Drawing in line invites one to cyclical compositions … presenting the artist with a cornucopia of fantastic notions and images … The draftsman … looks perpetually at the unfilled holes, the yearned-for and barely attainable ... the draftsman cannot escape his more negative vision beyond appearance.
If Klinger’s dichotomy now seems simplistic, his support encouraged the young Kollwitz to follow her own direction. In her early prints, from the turn of the century to the aftermath of the Great War, there grew a sympathy for the underdog and a rage for social justice that belied the artist’s personally quiet demeanor. These early series, which employed etching and stone lithography, sometimes together, are pictorially conceived: individual independent artworks that stand within and elucidate a narrative framework. With each series comprising different dimensions and proportions, and even media, resulting from Kollwitz’s restless experimentation, these hybrid productions prioritize the unruly creative process over commercial or even practical concerns; yet their emotional power was discerned immediately.

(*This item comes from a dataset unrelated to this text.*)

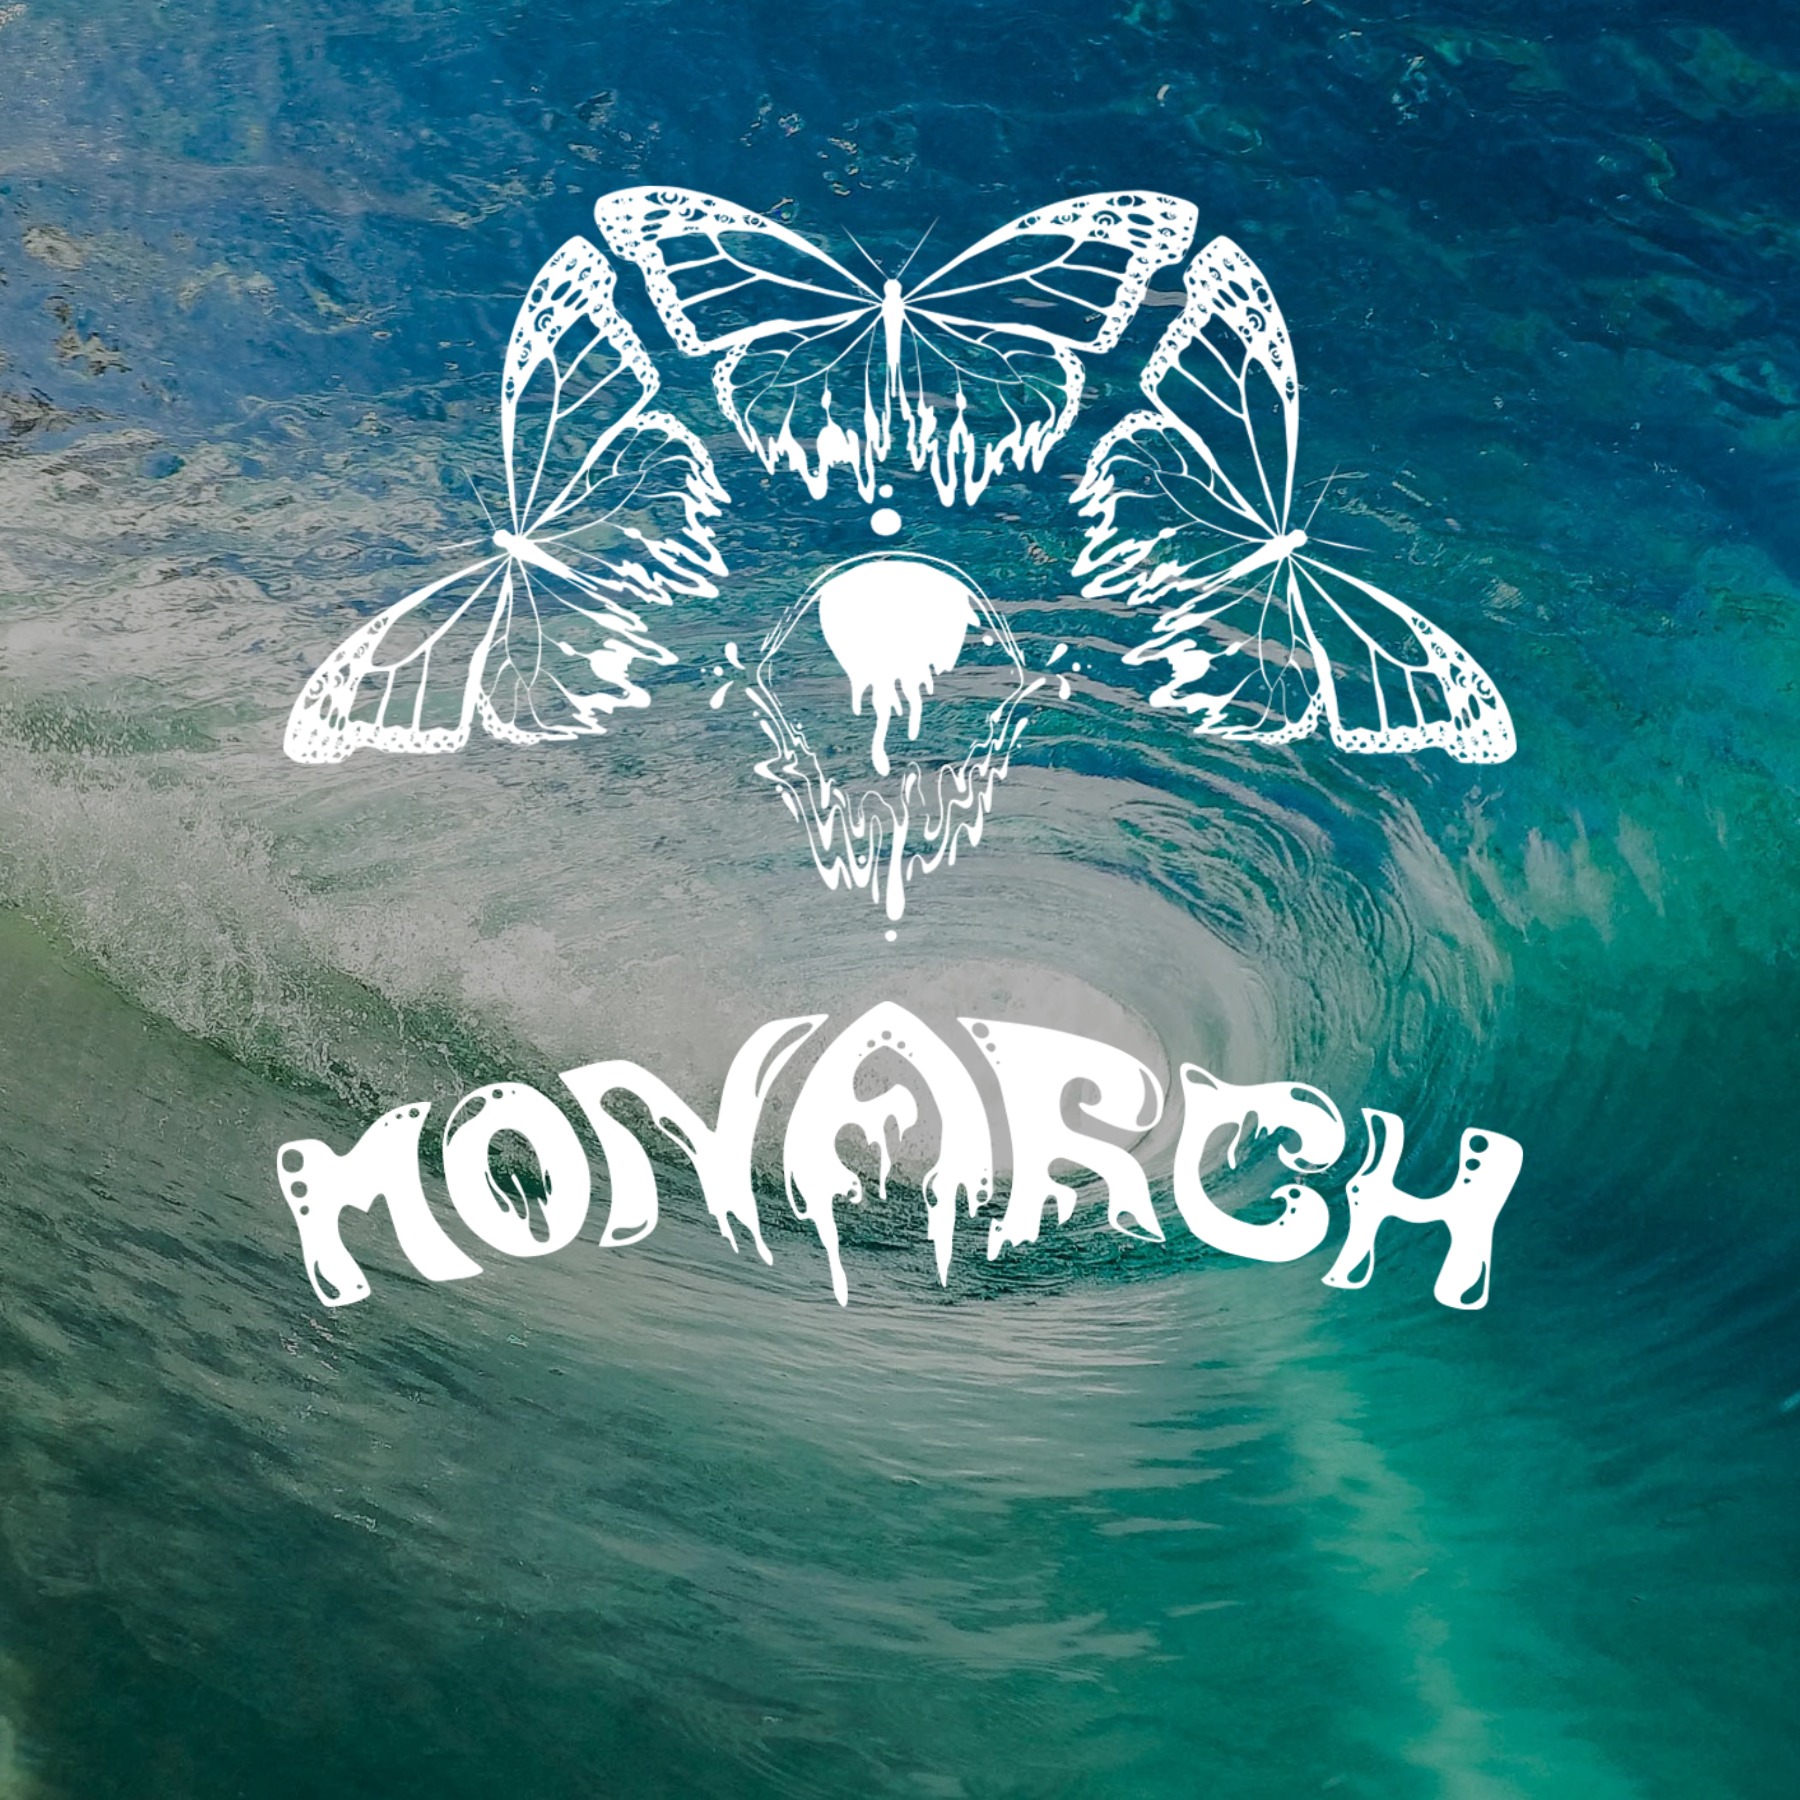 Monarch Surf Logo
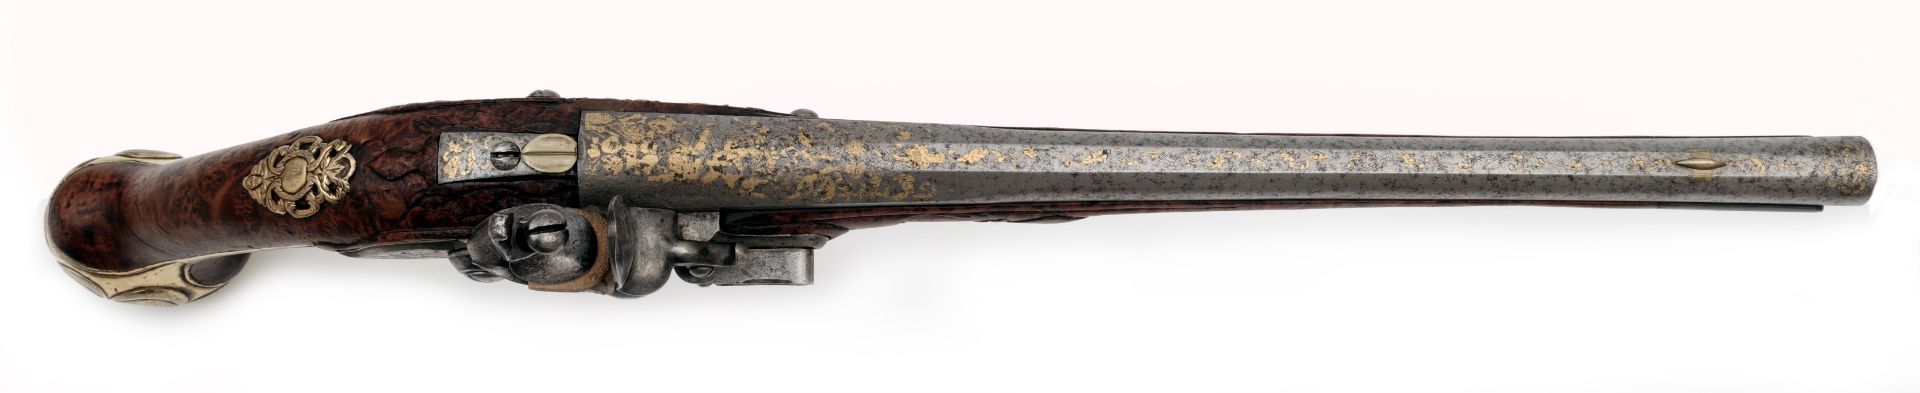 A Long Flintlock Pistol by Joseph Hamerl - Image 5 of 8

By age thirty-two Kollwitz was recognized as an important artist tackling a timely and difficult subject. The Kaiser disapprovingly vetoed an award because of her gender as well as her politics, and his wife subsequently insisted that Kollwitz’s unblinkingly truthful imagery on posters for a large art exhibition be covered before she would deign to enter. Such opposition had no effect on the stubbornly independent artist, who certainly internalized the dicta of grandfather Julius, “Talent is a responsibility,” and father Karl, “Be what you have chosen to be with all your heart.”
Käthe Kollwitz, “Storming the Gate,” sheet 5 of the cycle “A Weavers’ Revolt,” 1893-1897, crayon, pen and brush lithograph with scratch technique.
Ein Weber Aufstand, A Weaver’s Revolt (1893-7)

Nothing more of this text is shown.